# YOUR ASSIGNMENT:
The lines from the start of the records through the one containing "learn English, learn" are to be restated word for word; please include both ends.
DATASET CONTENT Block Start
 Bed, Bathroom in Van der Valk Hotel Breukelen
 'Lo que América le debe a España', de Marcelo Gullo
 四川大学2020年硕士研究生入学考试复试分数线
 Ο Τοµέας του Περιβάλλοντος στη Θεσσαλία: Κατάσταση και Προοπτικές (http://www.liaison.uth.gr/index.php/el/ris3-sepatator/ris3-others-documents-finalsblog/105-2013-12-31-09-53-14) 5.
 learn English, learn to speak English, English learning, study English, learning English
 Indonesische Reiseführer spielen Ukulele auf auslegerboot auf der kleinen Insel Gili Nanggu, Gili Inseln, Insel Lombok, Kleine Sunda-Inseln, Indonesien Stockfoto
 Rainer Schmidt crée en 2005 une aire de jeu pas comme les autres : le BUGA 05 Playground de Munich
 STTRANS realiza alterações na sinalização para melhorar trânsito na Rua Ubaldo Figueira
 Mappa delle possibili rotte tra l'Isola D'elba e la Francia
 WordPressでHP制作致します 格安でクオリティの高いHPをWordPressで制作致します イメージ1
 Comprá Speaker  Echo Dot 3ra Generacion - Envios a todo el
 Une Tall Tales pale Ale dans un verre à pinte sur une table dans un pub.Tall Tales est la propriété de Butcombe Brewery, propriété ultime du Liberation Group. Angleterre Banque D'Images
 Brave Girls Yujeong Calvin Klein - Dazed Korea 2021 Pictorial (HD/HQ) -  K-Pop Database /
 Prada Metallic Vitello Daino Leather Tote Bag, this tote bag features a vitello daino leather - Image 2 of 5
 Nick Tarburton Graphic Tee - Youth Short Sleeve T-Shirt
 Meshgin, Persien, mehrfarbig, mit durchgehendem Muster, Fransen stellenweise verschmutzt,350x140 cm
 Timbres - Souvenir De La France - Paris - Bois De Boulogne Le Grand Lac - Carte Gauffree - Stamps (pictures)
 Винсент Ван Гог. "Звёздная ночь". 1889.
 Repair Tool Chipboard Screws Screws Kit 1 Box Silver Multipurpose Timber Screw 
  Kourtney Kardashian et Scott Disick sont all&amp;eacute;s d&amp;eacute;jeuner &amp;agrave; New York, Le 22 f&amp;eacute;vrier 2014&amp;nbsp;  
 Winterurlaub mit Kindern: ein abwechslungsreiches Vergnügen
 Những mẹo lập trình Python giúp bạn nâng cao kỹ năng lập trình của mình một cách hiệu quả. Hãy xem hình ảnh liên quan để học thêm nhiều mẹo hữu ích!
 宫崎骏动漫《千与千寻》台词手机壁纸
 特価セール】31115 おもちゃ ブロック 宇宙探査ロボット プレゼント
DATASET CONTENT Block End
# ANSWER TO THIS PROBLEM:
 Bed, Bathroom in Van der Valk Hotel Breukelen
 'Lo que América le debe a España', de Marcelo Gullo
 四川大学2020年硕士研究生入学考试复试分数线
 Ο Τοµέας του Περιβάλλοντος στη Θεσσαλία: Κατάσταση και Προοπτικές (http://www.liaison.uth.gr/index.php/el/ris3-sepatator/ris3-others-documents-finalsblog/105-2013-12-31-09-53-14) 5.
 learn English, learn to speak English, English learning, study English, learning English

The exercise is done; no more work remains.